Exercise brief: All lines from the one containing "Theobald von Bethmann-Hollweg, Theodor" through the last line of the listing should be given again exactly, with no pictures.

Data:
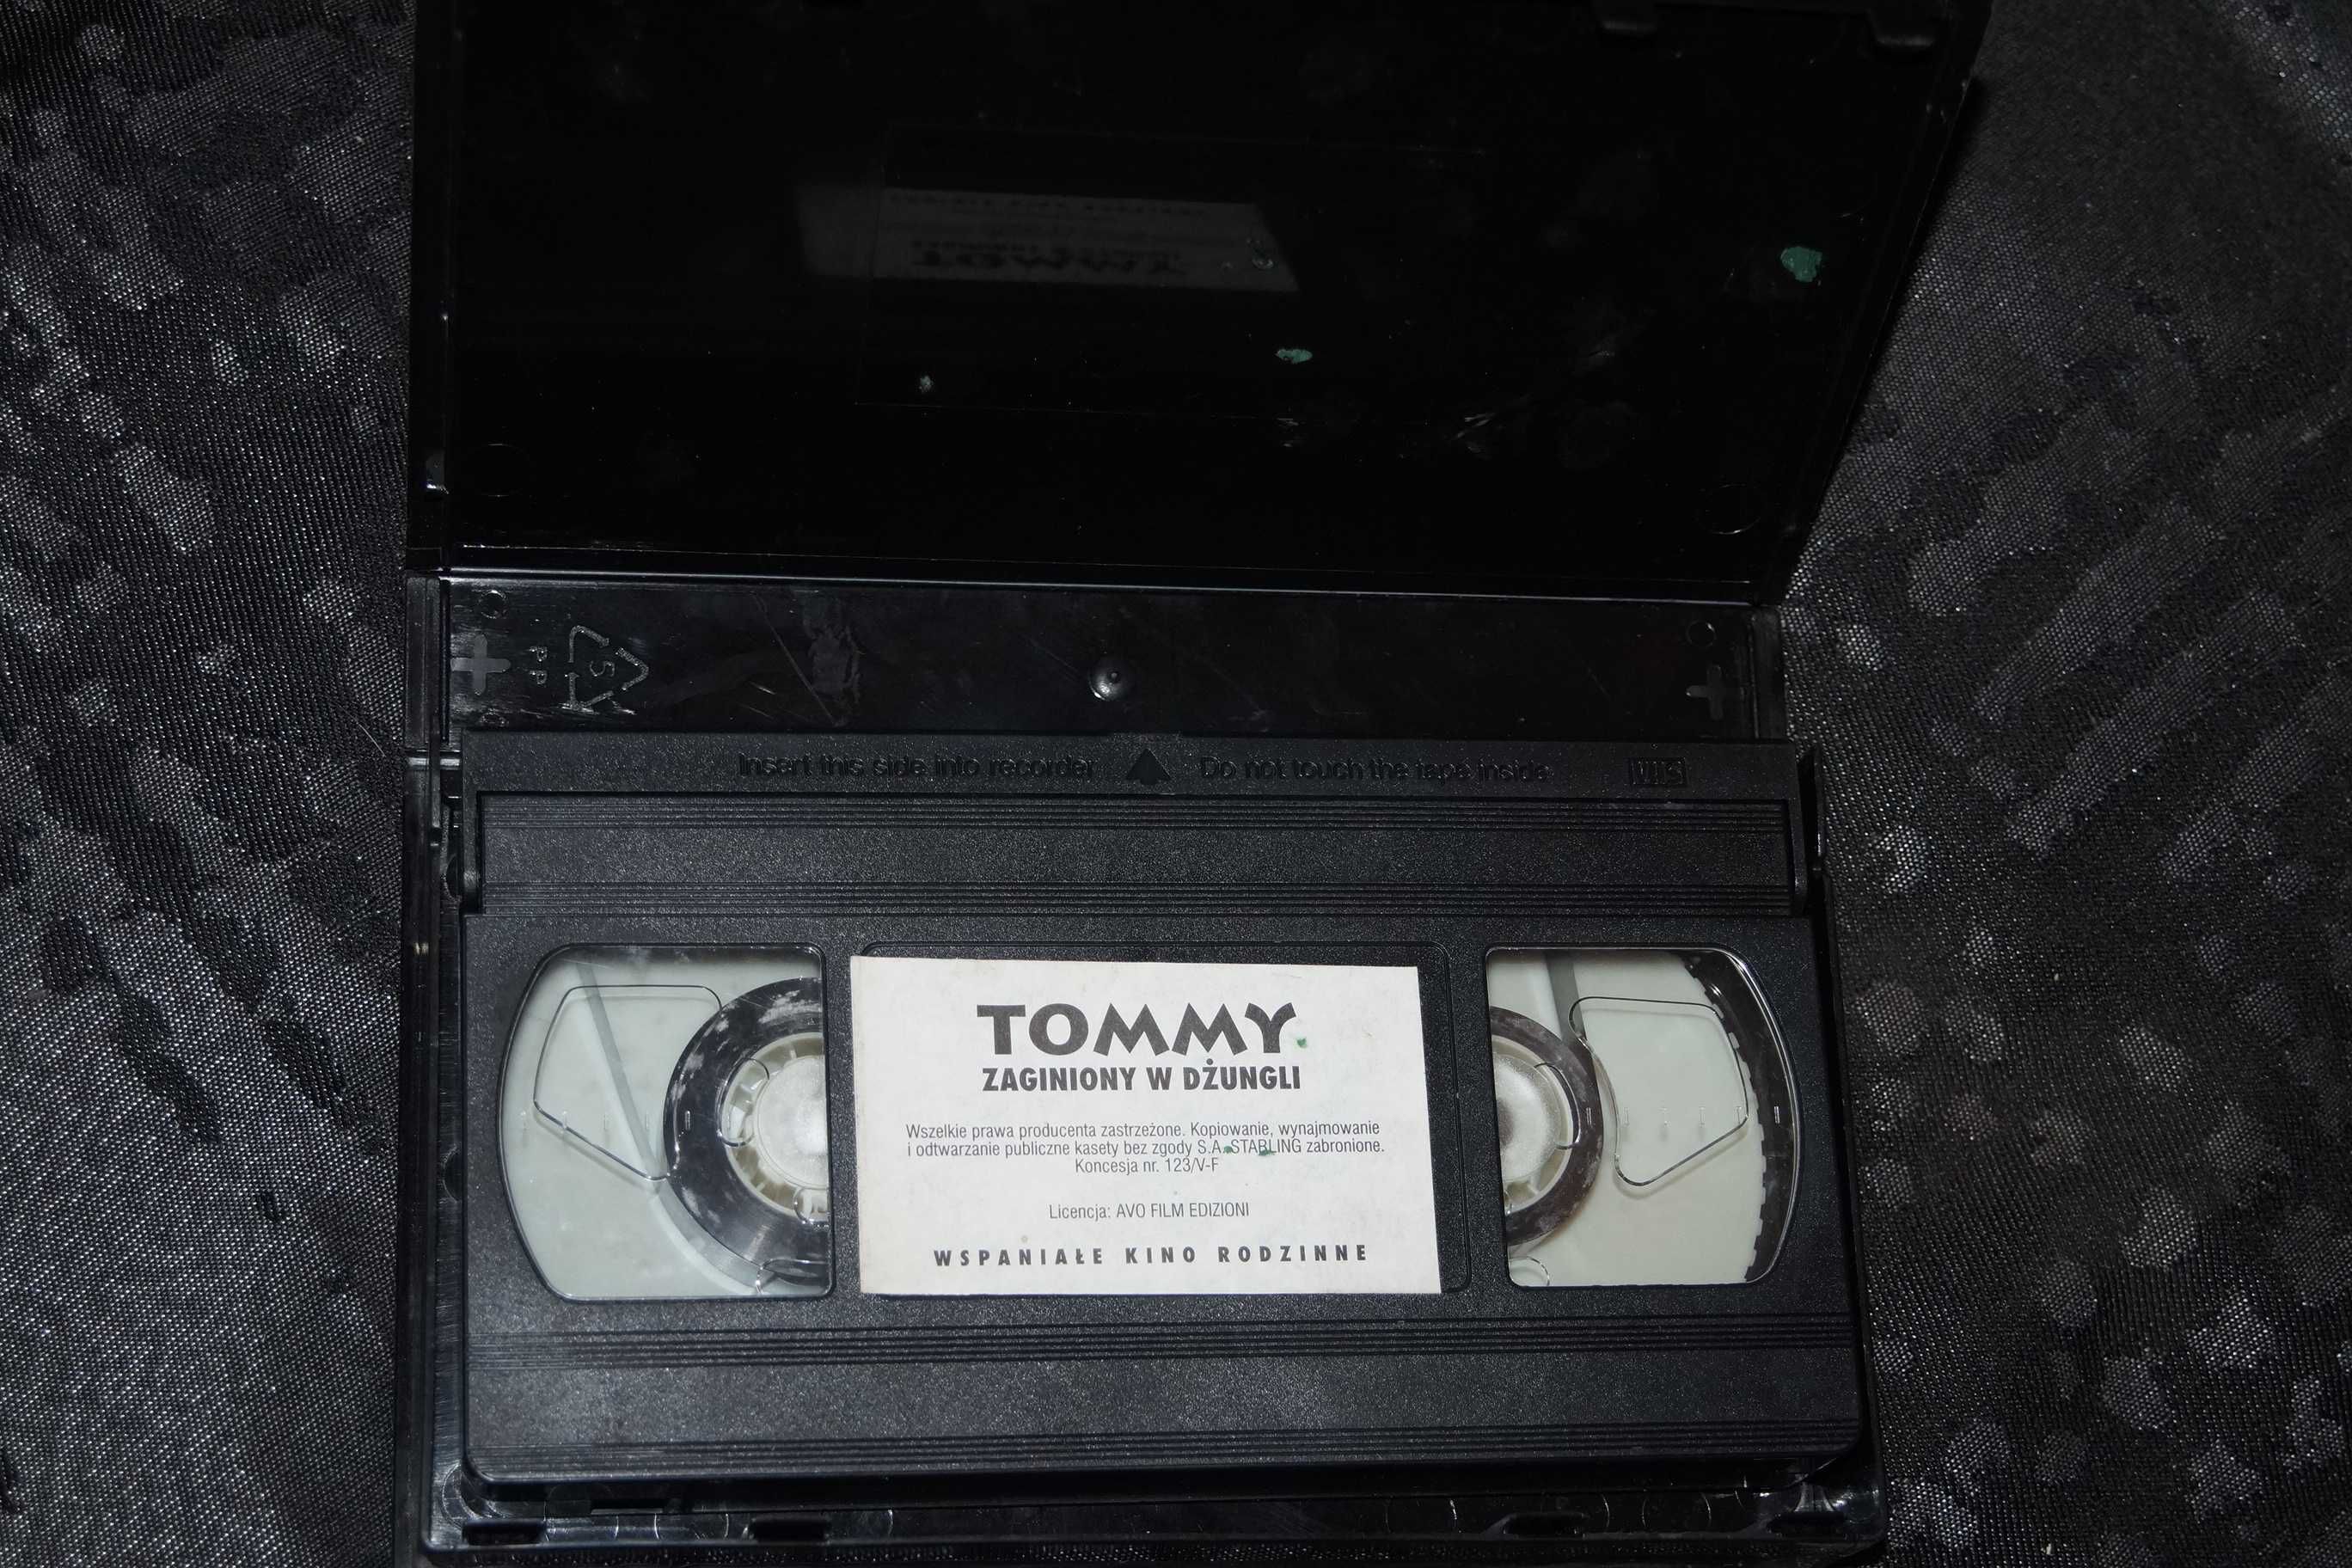 Tommy zaginiony w dżungli kaseta VHS video
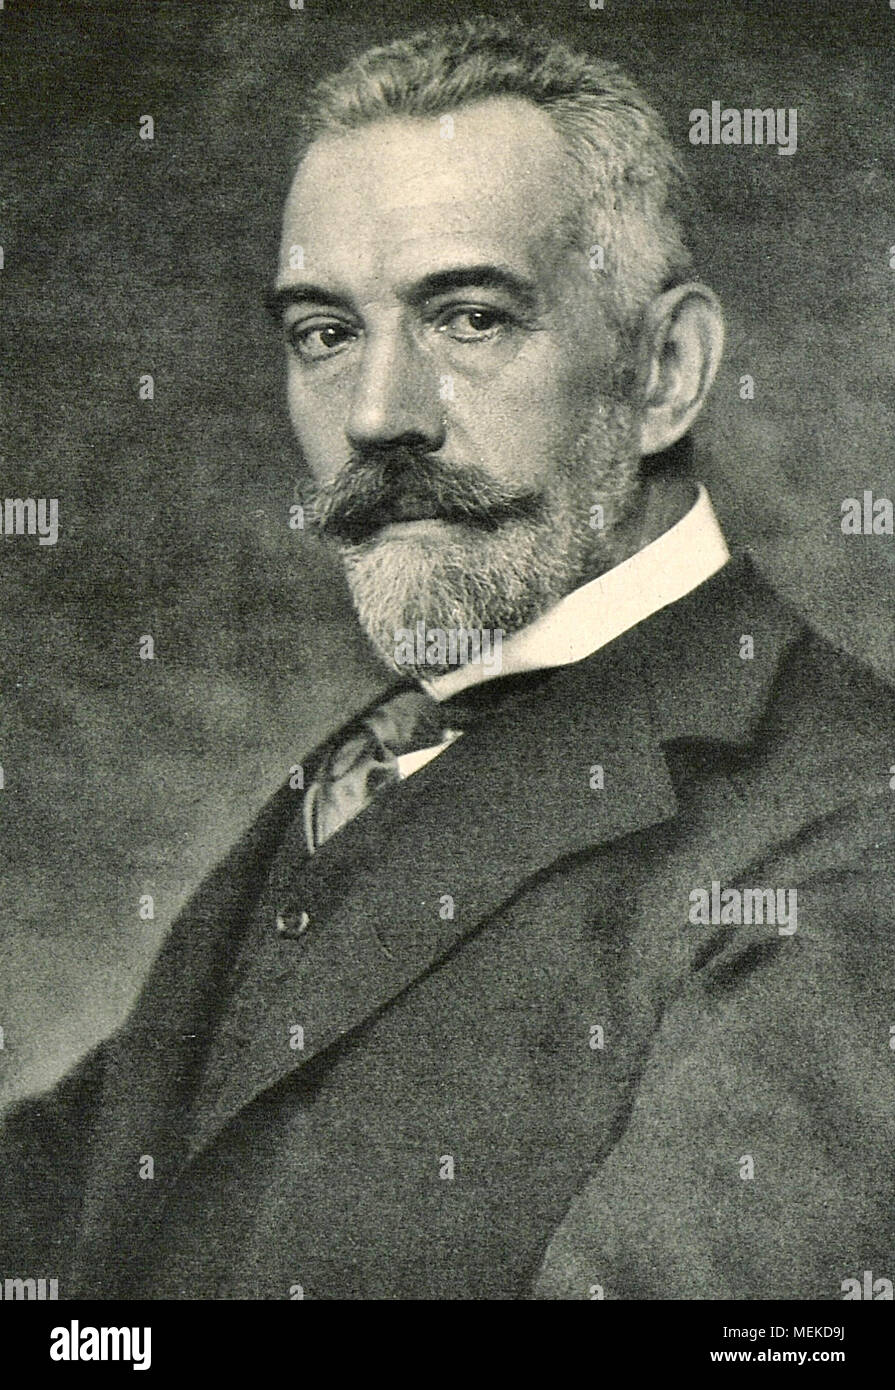 Theobald von Bethmann-Hollweg, Theodor Friedrich Alfred von Bethmann-Hollweg (29. November 1856 - der 1. Januar 1921) war ein deutscher Politiker, war der Kanzler des Deutschen Reiches von 1909 bis 1917. Stockfoto
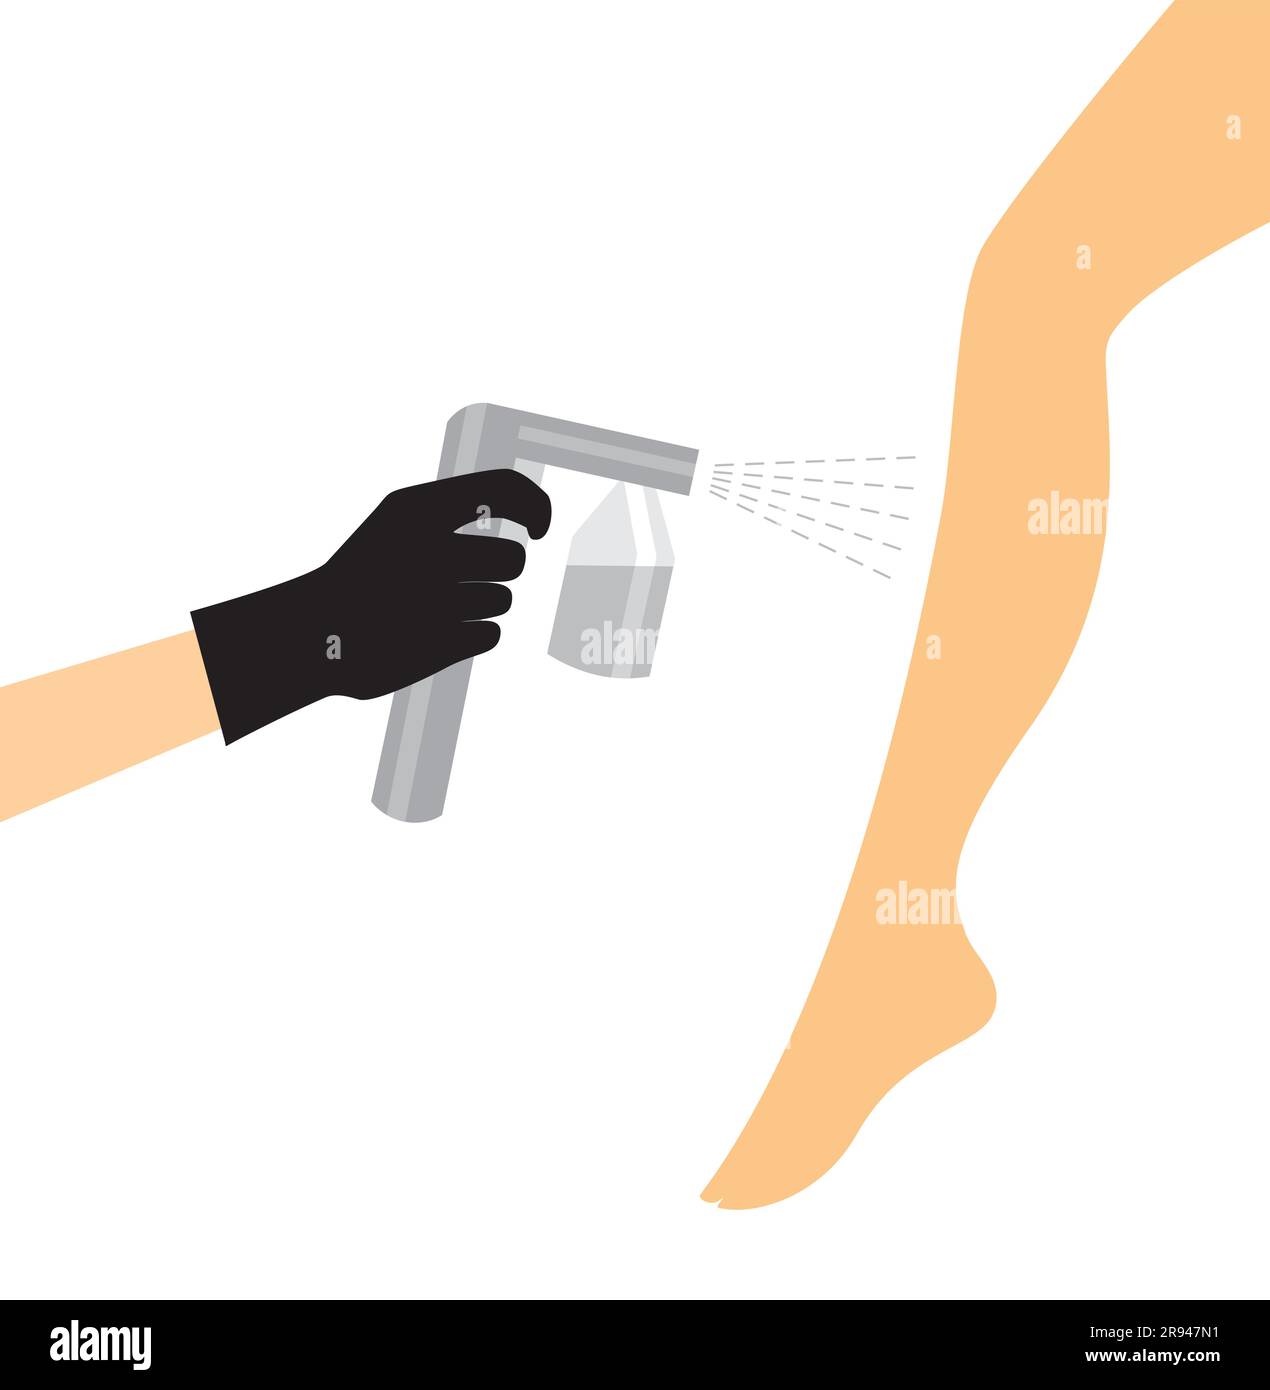 Main dans un gant noir avec une machine de bronzage spray grise vaporise le bronzage sur la jambe d'une femme. Illustration vectorielle de la procédure de bronzage automatique Illustration de Vecteur

Output of the task:
 Theobald von Bethmann-Hollweg, Theodor Friedrich Alfred von Bethmann-Hollweg (29. November 1856 - der 1. Januar 1921) war ein deutscher Politiker, war der Kanzler des Deutschen Reiches von 1909 bis 1917. Stockfoto
 Main dans un gant noir avec une machine de bronzage spray grise vaporise le bronzage sur la jambe d'une femme. Illustration vectorielle de la procédure de bronzage automatique Illustration de Vecteur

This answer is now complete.